Предполагаемая траектория по горизонтали соотносится с левой, то есть выигрышной стороной для понтера, а по вертикали -- с повышением достоинства карт в комбинации «тройка -- семерка -- туз». Две лестницы, упомянутые Лизой в письме -- из сеней в переднюю и из графининой спальни через коридор в Лизину комнату -- это и есть индикаторы «повышения».
С другой стороны, третья (скрытая) лестница позволяет ассоциировать каждый скачок не с изменением достоинства карт (от тройки к семерке и от семерки к тузу), но с самими картами:
«Ровно в половине двенадцатого Германн ступил на графинино крыльцо и взошел в ярко освещенные сени» (курсив мой).
Непосредственное передвижение Германна по дому графини до определенного момента точно повторяет Лизины указания:
«Швейцара не было. Германн взбежал по лестнице, отворил двери в переднюю и увидел слугу, спящего под лампою [...] Легким и твердым шагом Германн прошел мимо его. Зала и гостиная были темны [...] Германн вошел в спальню» (курсив мой).
Здесь, как и в письме, упоминаются своеобразные препятствия на пути героя: отсутствие швейцара как физического лица частично компенсируется его упоминанием; слуга «материализуется» в большей мере, но, спящий, особой опасности не представляет.

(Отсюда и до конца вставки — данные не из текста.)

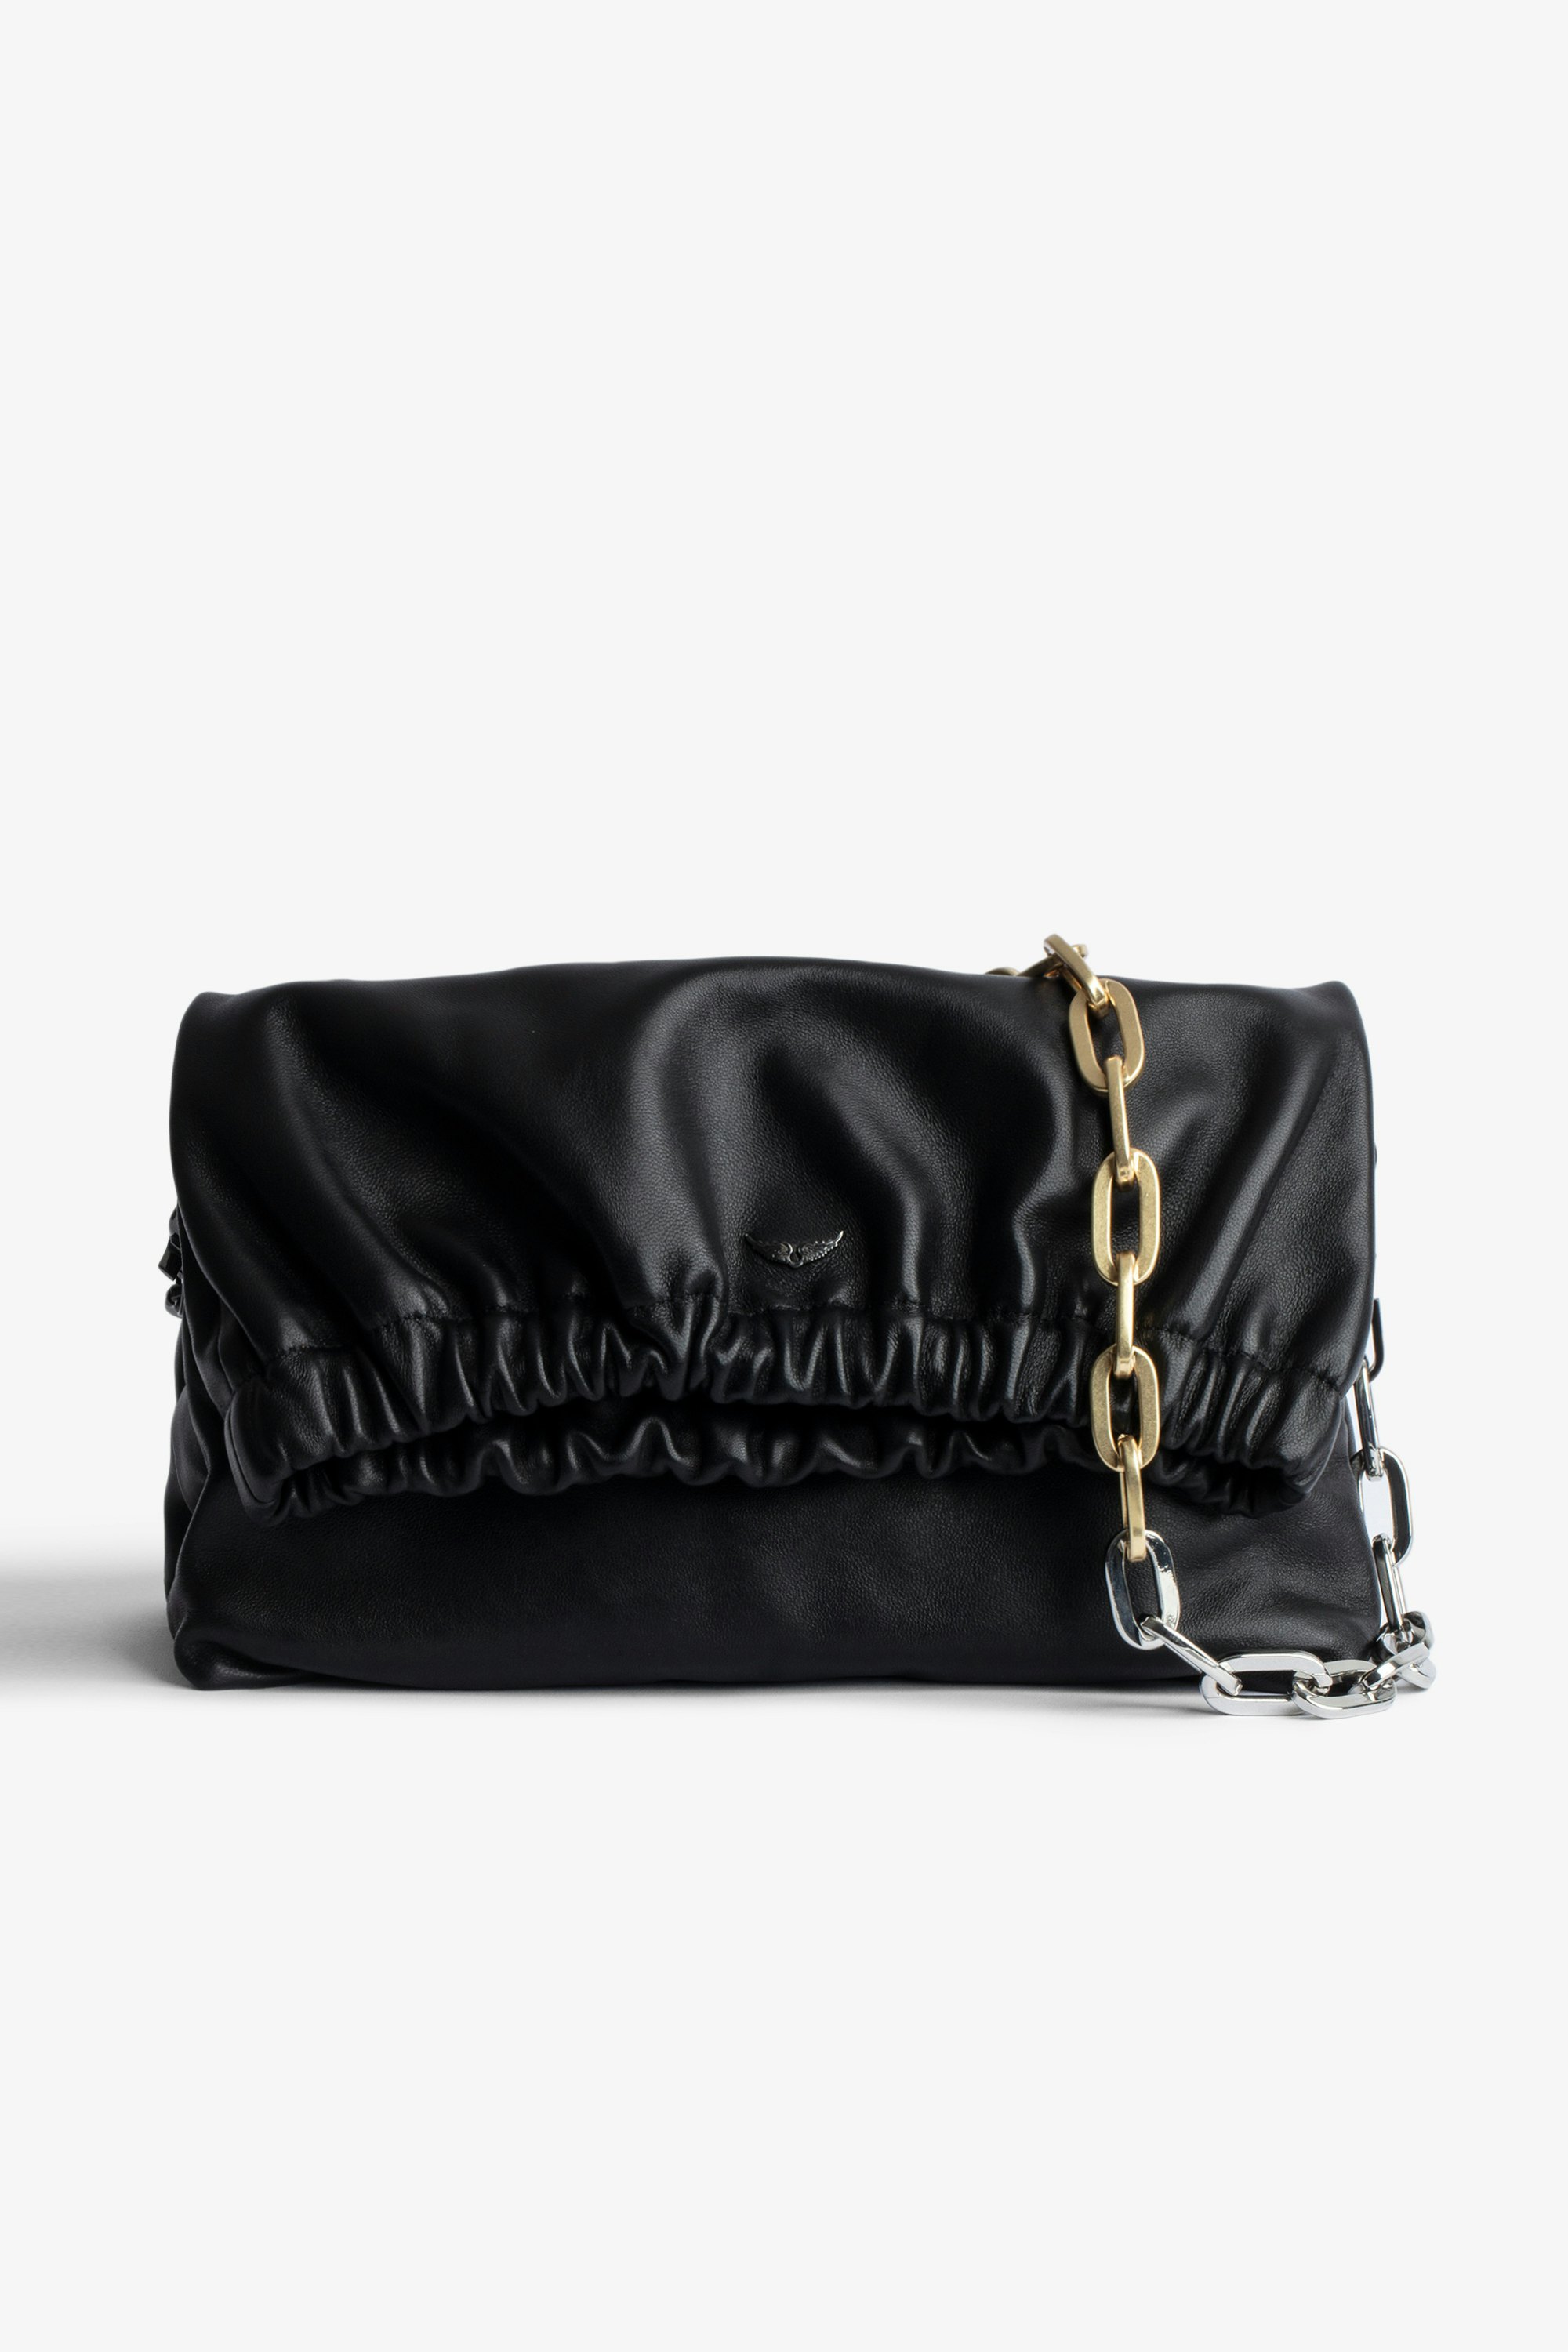 Tasche Rockyssime Damen-Clutch aus schwarzem Glattleder mit zweifarbiger Metallkette

Итак, подразумеваемое и фактическое путешествие Германна по дому графини складывается в отчетливую схему с тремя последовательными шагами. Первый шаг соотносится с двумя пространственными сдвигами -- внутрь (дома) и наверх -- и потенциальной помехой к осуществлению следующего шага (швейцар). Второй шаг включает и подобную преграду (слуга), и вертикальное перемещение (из сеней в переднюю), в то время как на горизонтальной оси сдвиг соотносится с движением вправо-влево. Третий шаг состоит из вертикального (вверх по витой лесенке) и горизонтального смещений, причем последнее реализуется в форме двух дверей, правой (ведущей в кабинет, смежный с комнатой графини) и левой (ведущей в Лизину комнату)[7].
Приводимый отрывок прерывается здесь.